Dans cet article, Éducaloi vous explique les principes de base du contrat, la façon de prouver l'existence et le contenu d'un contrat et les options possibles en cas de désaccord.

Comment se forme un contrat?

Le contrat se crée au moment où deux personnes s'engagent à faire quelque chose pour l'autre. Ces personnes, qu'on appelle les « contractants », peuvent être des individus, un groupe de personnes ou les représentants d'une entreprise.

Généralement, il n'est pas nécessaire de signer un document pour qu'un contrat soit formé. Une simple entente verbale peut suffire. Par exemple, Ulysse dit à Irène qu'il viendra tailler sa haie de cèdres mardi prochain pour 10 $ de l'heure. Irène lui répond qu'elle accepte. Par ce simple échange, un contrat est formé entre Ulysse et Irène, qu'ils doivent chacun respecter. 

Toutefois, certains contrats doivent obligatoirement être écrits et doivent même respecter d'autres conditions pour être valides. Par exemple :

Évidemment, même si la loi ne vous y oblige pas, c'est souvent préférable de mettre le contrat par écrit. De cette façon, en cas de problème, on ne se retrouve pas dans une situation où c'est « sa parole contre la mienne ».
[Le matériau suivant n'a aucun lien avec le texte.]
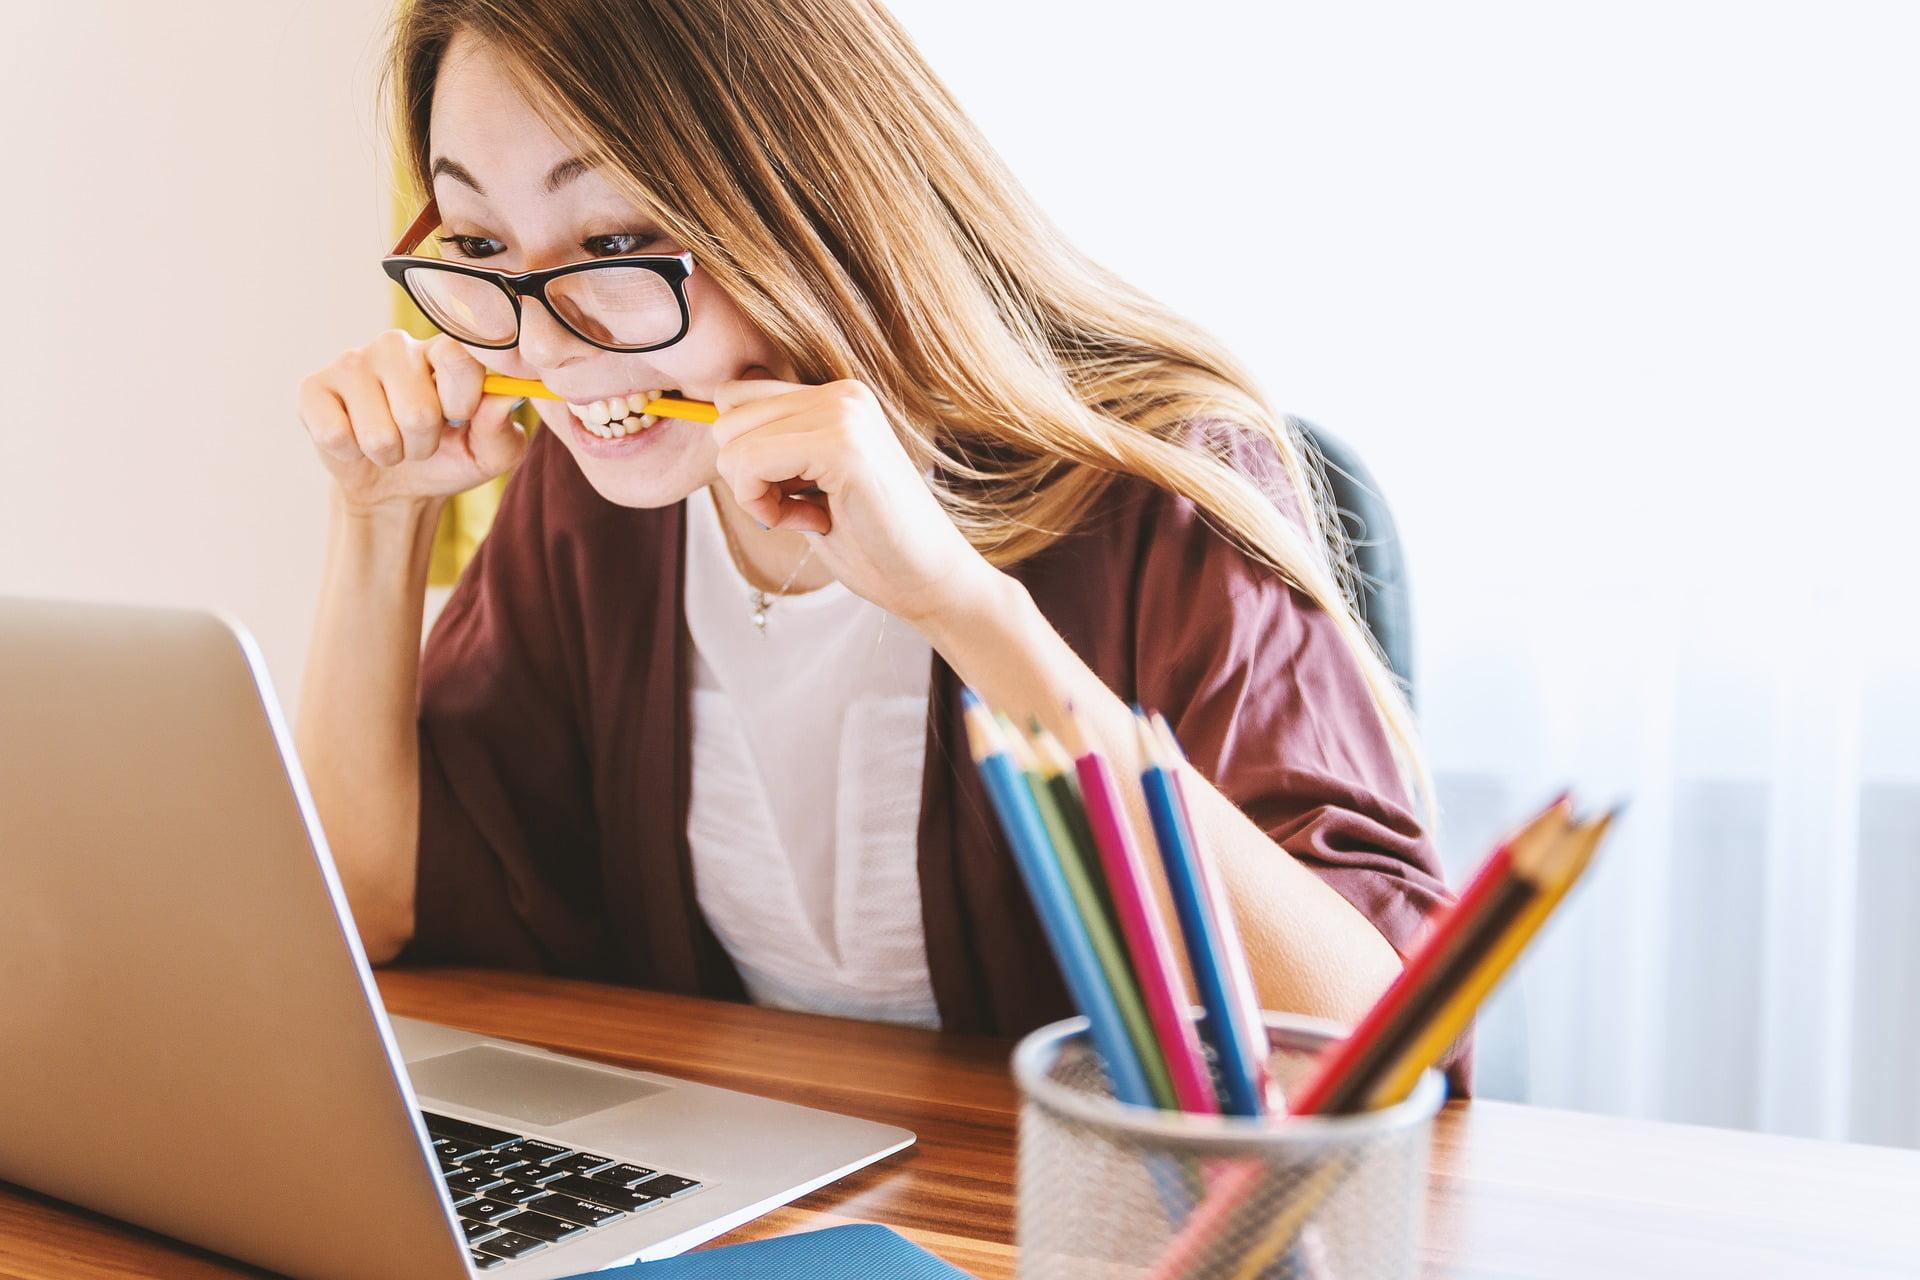 簿記二級の勉強方法 おすすめ教材の紹介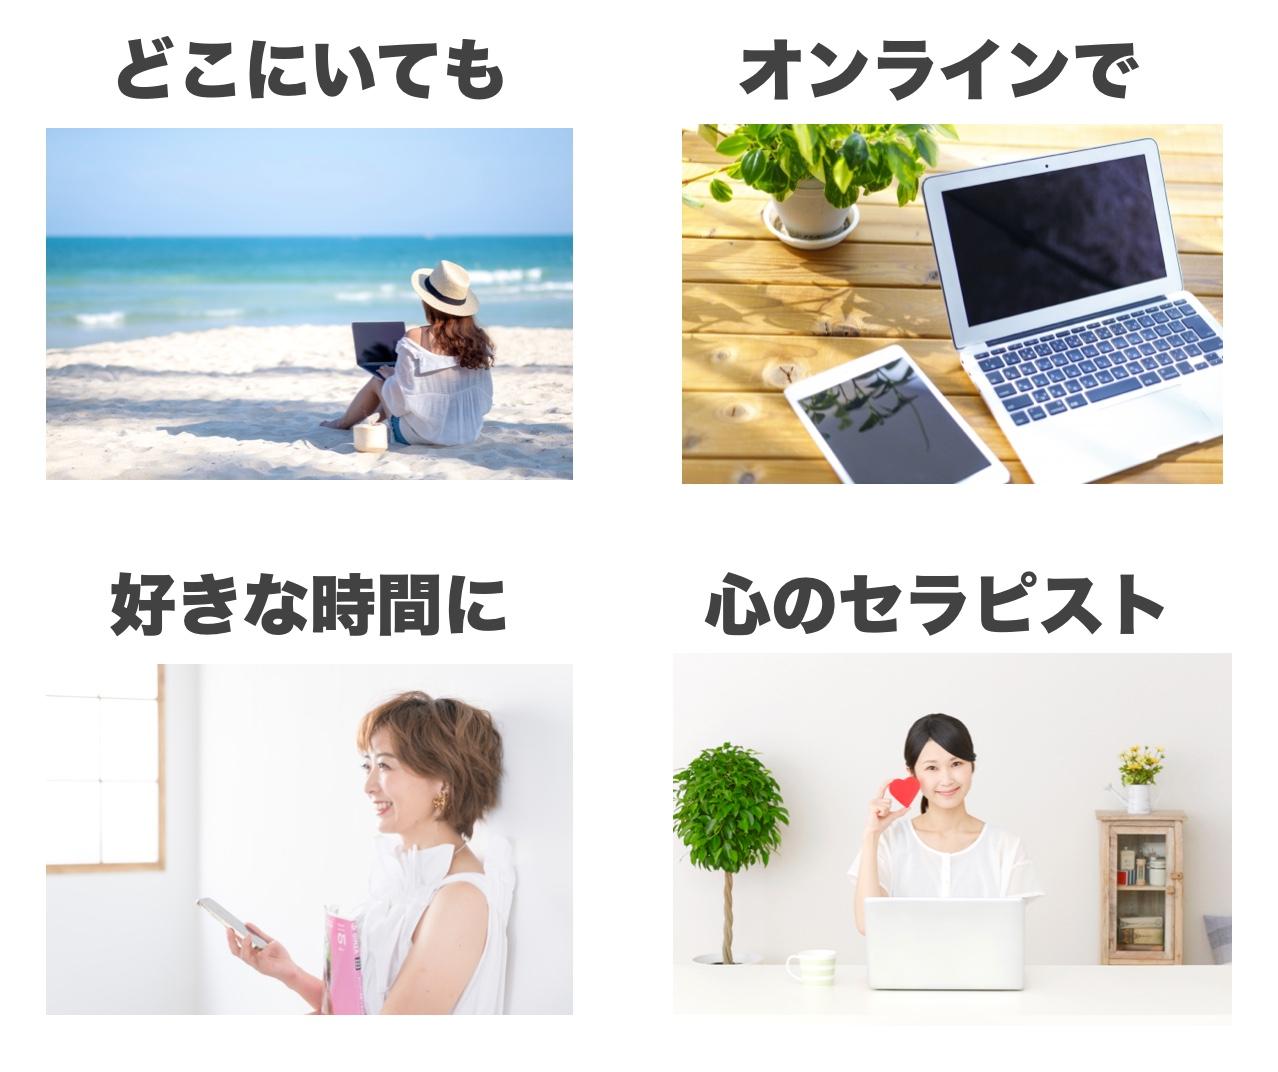 スクリーンショット 2021-09-23 0.19.03.png

Est-ce que tout le monde peut contracter?

Non. Certaines personnes ne peuvent pas s'engager par contrat ou peuvent seulement le faire dans certaines situations. Par exemple :

  • Les enfants et les adolescents peuvent seulement contracter pour satisfaire leurs besoins de base, qui varient selon leur âge et leur maturité. Simon, 15 ans, peut donc s'acheter lui-même des billets d'autobus, mais il ne peut pas s'offrir un voyage en Europe.
  • L'adulte sous un régime de protection peut contracter dans certaines circonstances seulement. Les restrictions dépendent du type de régime, que ce soit la curatelle, la tutelle ou l'assistance d'un conseiller. 

Pourquoi le lieu où se forme le contrat est-il important?

Parce que ce lieu sert parfois à déterminer dans quel palais de justice vous devrez faire votre demande en cas de poursuite.

Le lieu de formation du contrat est normalement l'endroit où sont présents les deux contractants lors de l'entente.

Si les contractants ne se trouvent pas au même endroit, le lieu de formation du contrat est le lieu où se trouve la personne qui a formulé l'offre lorsqu'elle reçoit l'acceptation de conclure le contrat.

Par exemple, Patricia, qui est à Québec, place une annonce sur le Web pour vendre son vélo. Olivier, qui est à Trois-Rivières, écrit à Patricia pour lui dire qu'il est intéressé. Après quelques échanges où ils s'entendent sur tous les éléments essentiels de la vente : le prix, la façon de livrer le vélo et la date de livraison, Olivier accepte l'offre de Patricia d'acheter son vélo. Le lieu de formation du contrat est le lieu où se situe Patricia lorsqu'elle reçoit le courriel d'Olivier disant qu'il accepte : Québec.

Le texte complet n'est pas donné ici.